?
Гендерные различия в игре диктатора: сравнение поведения больших языковых моделей и людей
Introduction. Large language Models (LLM) are increasingly being used in social sciences to simulate the behavior of experimental participants and analyze norms of cooperation and justice. However, the question remains whether they are capable of reproducing social asymmetries, including gender differences. Goal. The work aims to test whether LLM reproduces gender differences in the Dictator game and how textual rationales for decisions relate to the chosen strategies. Materials and methods. The classic experiment of Eckel and Grossman (1998) is adapted for analysis, where the "dictator" distributes 10 dollars between himself and his opponent. Five models (GPT-5, Grok-4, YandexGPT 5 Pro, Gigachat 2 Max, and Qwen3-235b-a22b) generated 1,000 decisions based on twenty participant profiles. The comparison was carried out with the results of experiments with human subjects; additionally, regression analysis was applied, taking into account textual explanations. Results. All models demonstrated higher generosity compared to humans: "male" agents transferred an average of 3.57 units, "female" — 4.18, while human subjects — 0.82 and 1.6, respectively.
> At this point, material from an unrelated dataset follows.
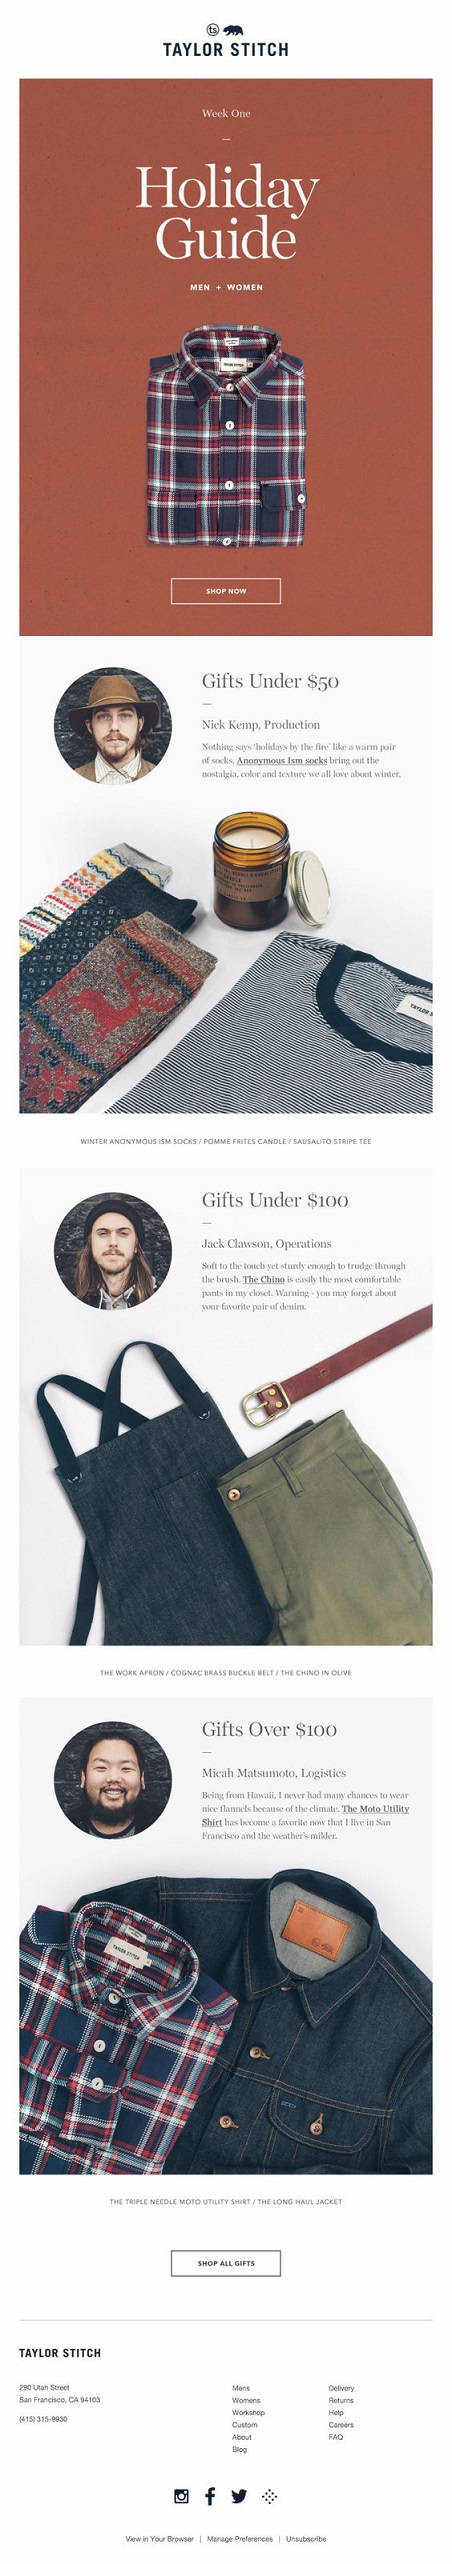 Gift Guide Email Marketing Example

The gender gap persists, but decreases with the control of textual arguments. Mentioning "equality" and "justice" is associated with an increase in generosity, while appeals to "rationality" and an emphasis on "the opponent" are associated with a decrease in generosity. Significant differences were also found between the models: Grok-4 and YandexGPT 5 Pro had the most generous behavior, while Gigachat 2 Max and Qwen3-235b-a22b had the least. Conclusions. LLMs reproduce both norms of cooperation and social asymmetries, while their severity depends on architecture and argumentation strategies. The results demonstrate that the behavioral assessment of LLM should be combined with the analysis of explanations of decisions. The study is aimed at researchers in the field of behavioral economics, AI, and social informatics; the prospect is to expand the analysis to n-player games, multilingual protocols, and control of inference parameters.